Your job is to give again, exactly and with no additions, the lines in the records below from the one with "Colorful donuts on" through the one with "Clock tower in", both included. Omit the pictures.

Start of Data supplied

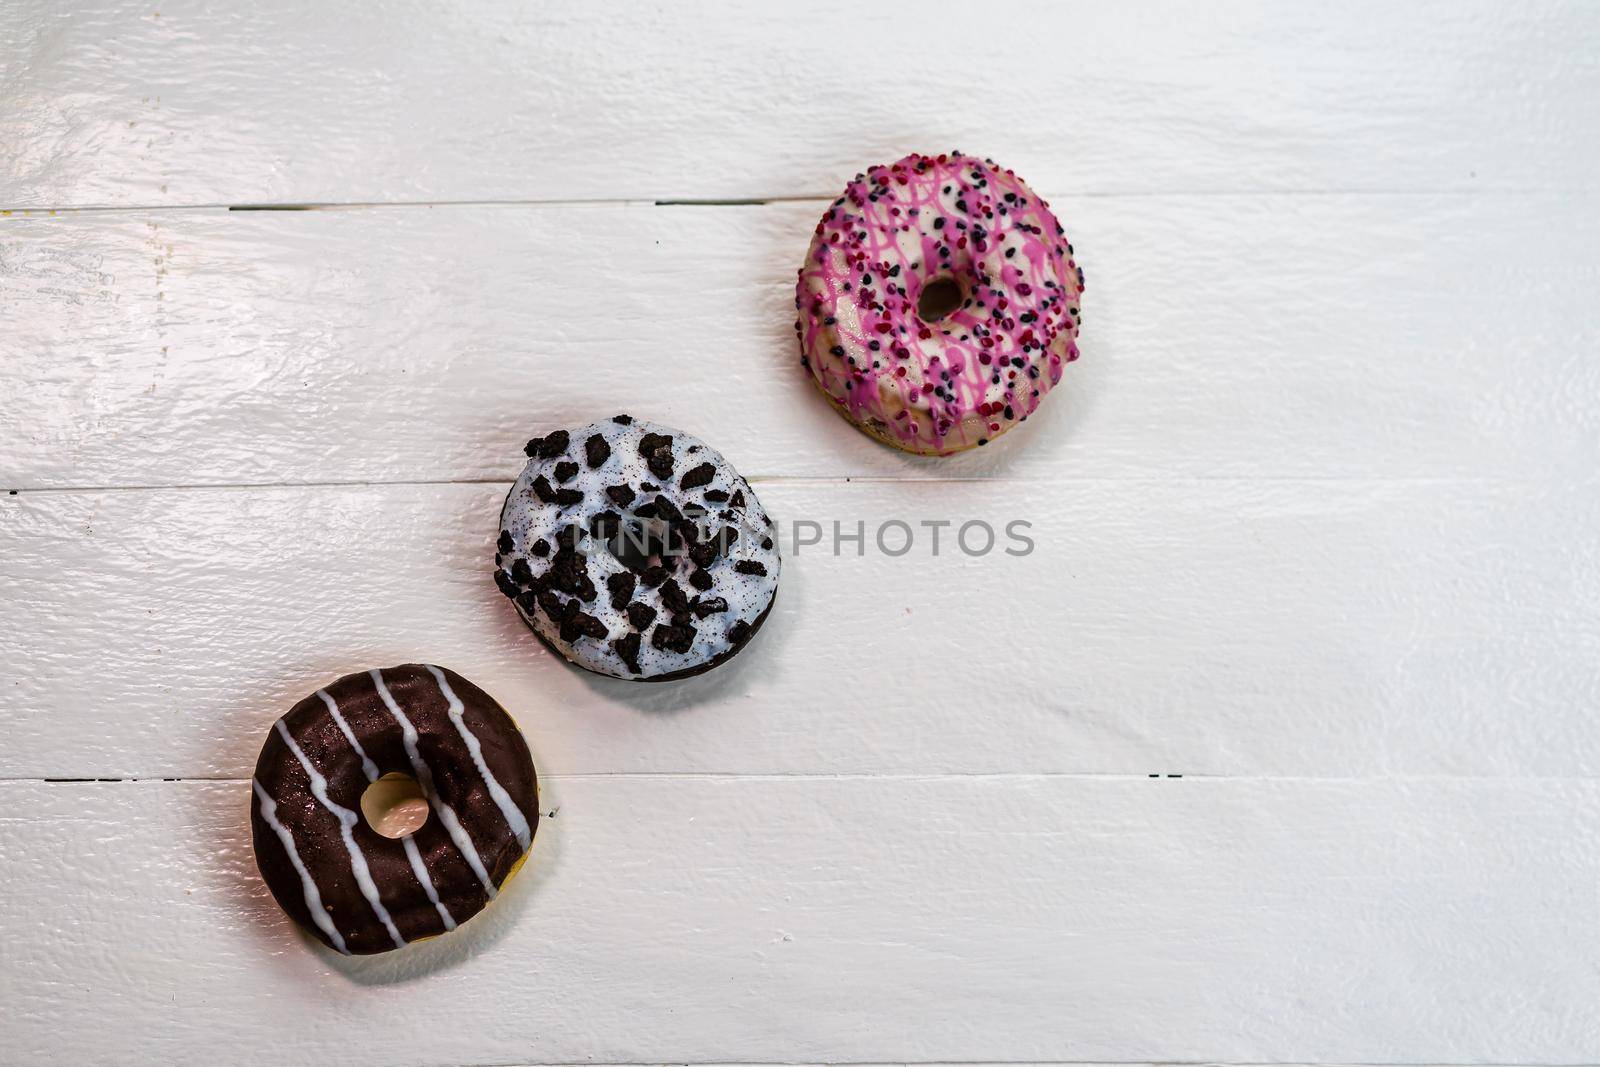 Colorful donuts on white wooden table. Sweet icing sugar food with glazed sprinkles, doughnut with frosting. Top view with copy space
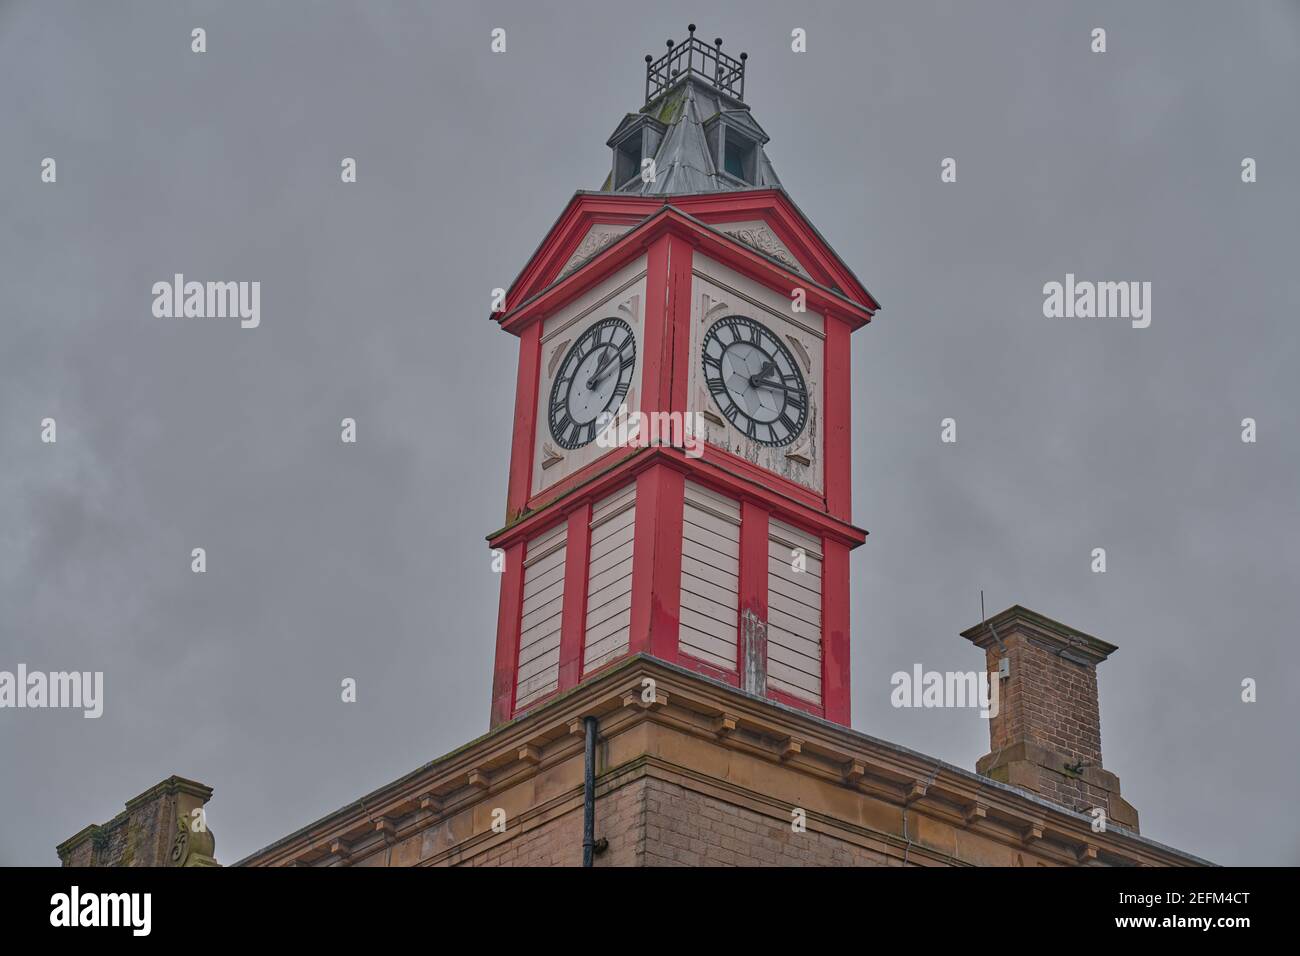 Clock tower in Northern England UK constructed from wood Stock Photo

End of Data supplied
Start of Data supplied

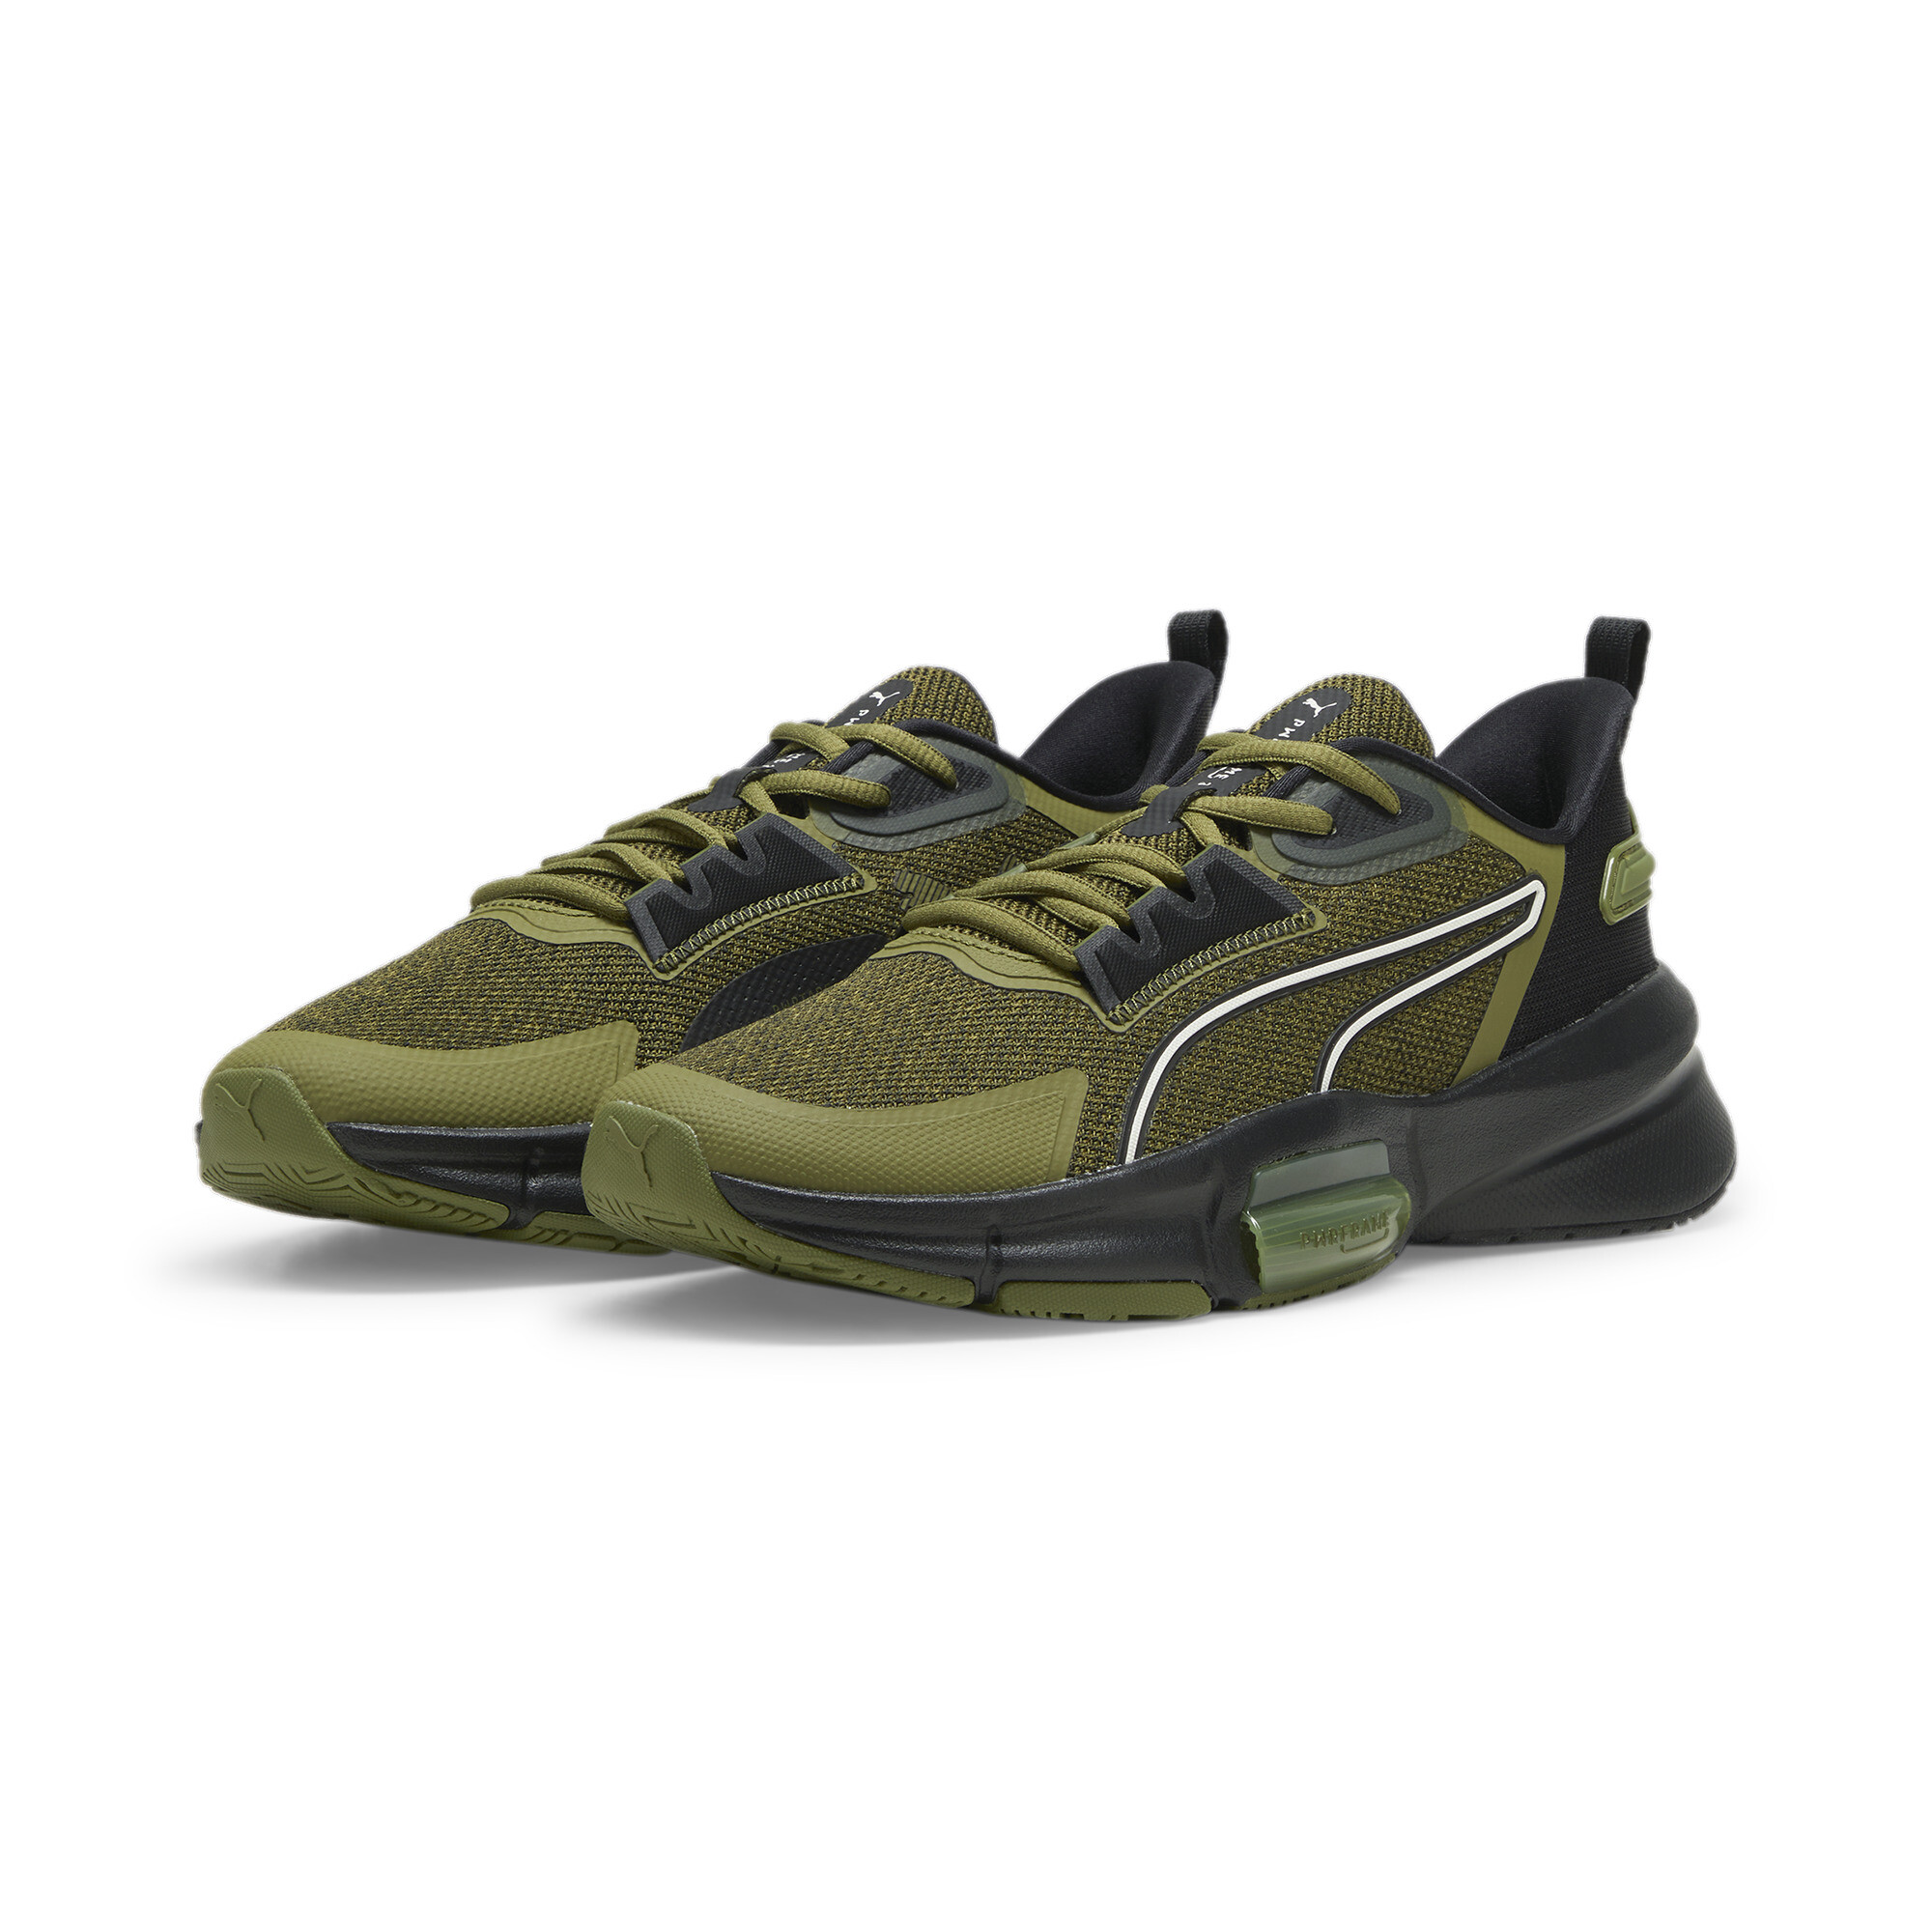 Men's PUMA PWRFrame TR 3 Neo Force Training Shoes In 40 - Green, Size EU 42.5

End of Data supplied

* [Output below]:
 Colorful donuts on white wooden table. Sweet icing sugar food with glazed sprinkles, doughnut with frosting. Top view with copy space
 Clock tower in Northern England UK constructed from wood Stock Photo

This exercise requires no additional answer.